These statistics are important as they show real job creation and job losses – which comes as a refreshing contrast to the recent obsession we see around the prediction of mass job losses caused by digital and the shift toward more digital operations. This rhetoric is becoming increasingly unhelpful as enterprise organizations navigate the ongoing shift toward digitally engaged commerce. The current mantra de jour being advances in machine learning, the internet of things (IoT), data analytics, and artificial intelligence (AI) will steadily eliminate all kinds of jobs. Economies across the globe will have to brace themselves for massive job destruction.

We’ve all seen the studies that state that half of manufacturing jobs will be eliminated by automation in the next decade. Driverless trucks and trains are set to become commonplace, eliminating many more jobs. Advances in technology are not only impacting lower skilled jobs but also skilled professions. People with advanced qualifications such as lawyers and doctors are undertaking activities that can be automated.

Although there is some truth in this – technology is taking on increasing amounts of low skilled and mundane work, the largest inhibitor to the continued digital transformation of businesses and whole industries is, and will continue to be, a lack of skills. Yes, it is a shortage of talent that will slow down the adoption of new technologies such as robotics, AI, big data analytics, and the IoT.

The truth as you can clearly see below, automation doesn’t kill jobs – wider economic issues kill job creation – recessions and stagnation. As you can see from labor statistics in the US – in spite of the growth of automation there is still a net gain in jobs over the last 5 years:

Although automation will impact jobs, the rate at which jobs will be eliminated will be limited by the availability of skills that can implement and manage this technology. Which tends to self-regulate the creation v destruction trend and help, at least with the timing of any job market adjustment. As we have seen in past industrial revolutions, these shifts in jobs end up creating more work than they eliminate. We saw in the 18th century industrial revolution massive shifts from agricultural work – we expect a similar trend with this current wave of disruption.

New jobs will need to be created to enable automation, and to engender the innovation facilitated by new technology. Skills required for these new jobs are in extremely short supply. We maintain that a lack of people with appropriate skills, will slow any shift in operating models toward driverless trucks, driverless trains, software defined factories, connected health, smart grids, smart cities and so forth.

So what will these new roles be?

The biggest change will be a shift from specific functional roles to more blended multilayered job. With more complex skill sets being required. Organizations will need to acquire talent which blends technical skills with operational skills (industry specific skills) as well as softer skills such as critical thinking, adaptability, continuous learning, active listening and other non traditional capabilities. Education and training from technology professionals needs to be much more holistic, given that technology is transforming many aspects of our lives. With education and training institutions having to adjust offerings so they develop the required blended and holistic skill sets for the needs of the emerging job market. These new jobs emphasize skills, knowledge and willingness to learn, over traditional highly specialized degrees, and the rather narrow scoped careers that gave people their early work experience.
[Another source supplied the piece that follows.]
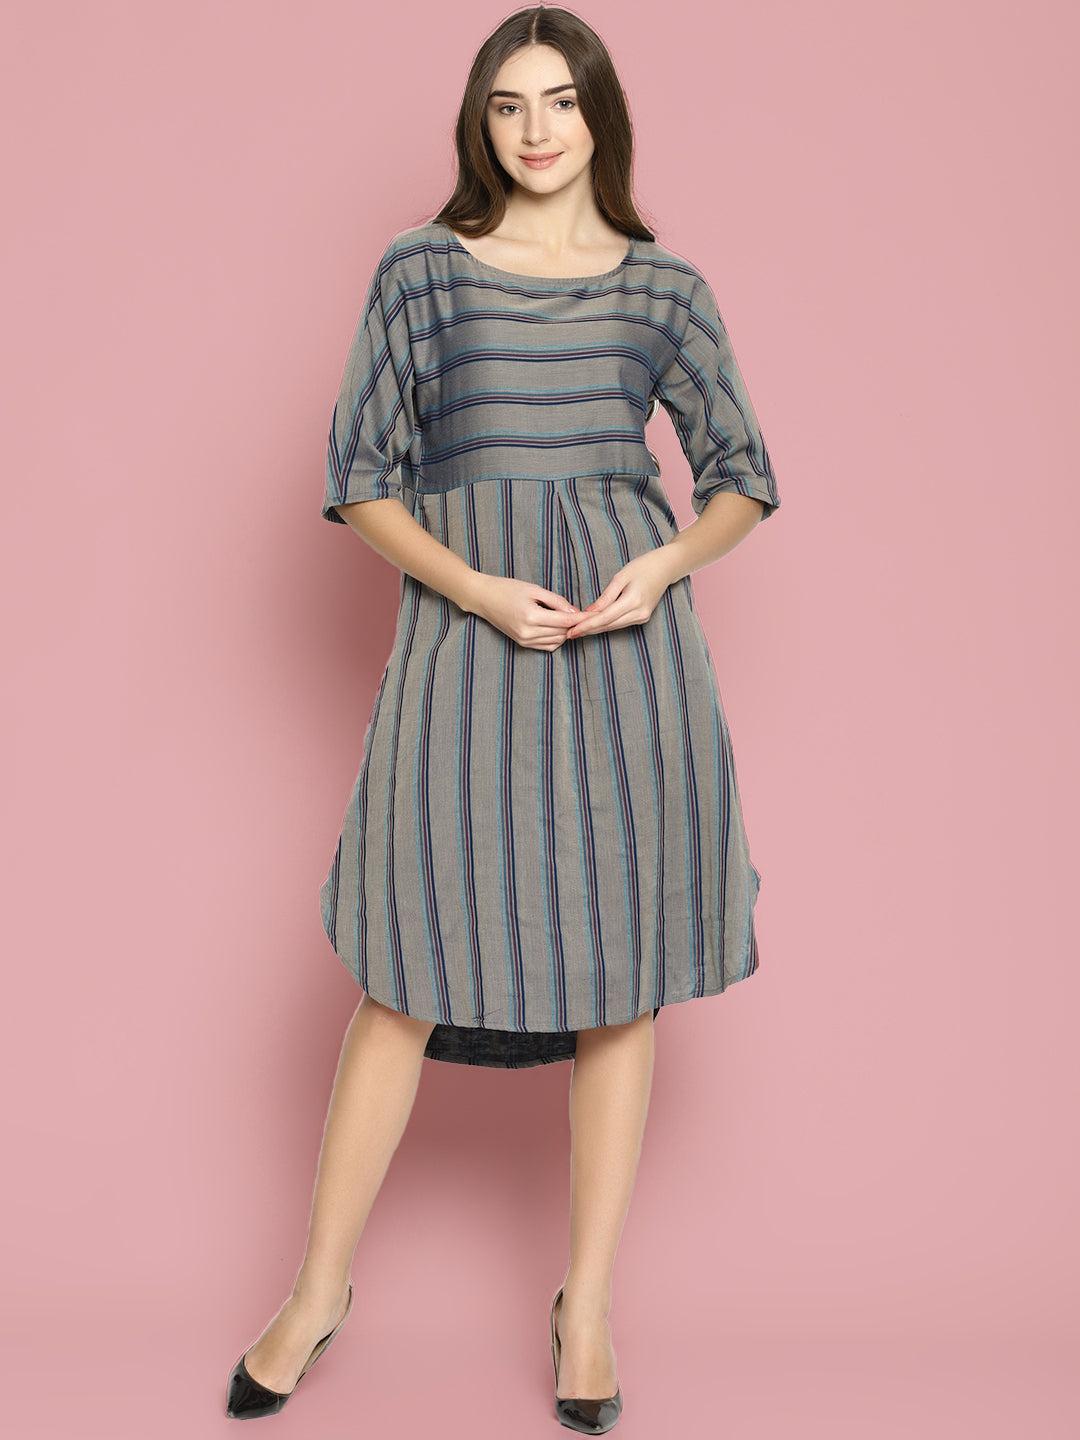 grey striped dress with curved hemline

Valuable workers will soon be those who can adapt and learn new skills as and when more automation is embedded within their role. To stay ahead in the talent game, businesses should focus on:

  • Hiring for potential. This means hiring staff based on their inherent ability to learn and adapt to situations rather than their experience, particularly if it is narrow.
  • Learning not education. These two things are not the same – if you hire people who are able to learn, you must provide a continuous learning environment and incentives based on learning. Just hiring people with Stanford or Harvard degrees won’t necessarily give you people who are able to learn on the job long term.
  • This means looking outside of the norm when hiring. Traditional MBA courses may not provide you with people who have flexibility to operate in today’s multidisciplinary world.
  • Work with external education establishments to make sure students have the skills you want. Better to invest in helping universities develop the skills you need in people rather than focus on competing for them. Demonstrating a willingness to invest in young people is likely to engender loyalty and being part of university programmes provides more opportunity to demonstrate that commitment than the usual milk round and job fairs.

The Bottom Line – We must focus on generating value for customers, not protectionism and panic-mongering

There needs to be a shift in emphasis away from set task based skills to more blended and soft skills where technical and business skills combine. Without an increase in the supply of these kind of people the transformation to more digitally driven operating models will be slowed. Hiring policies need to look to the future, without the right people the step into the digitally enabled world will slow to a crawl.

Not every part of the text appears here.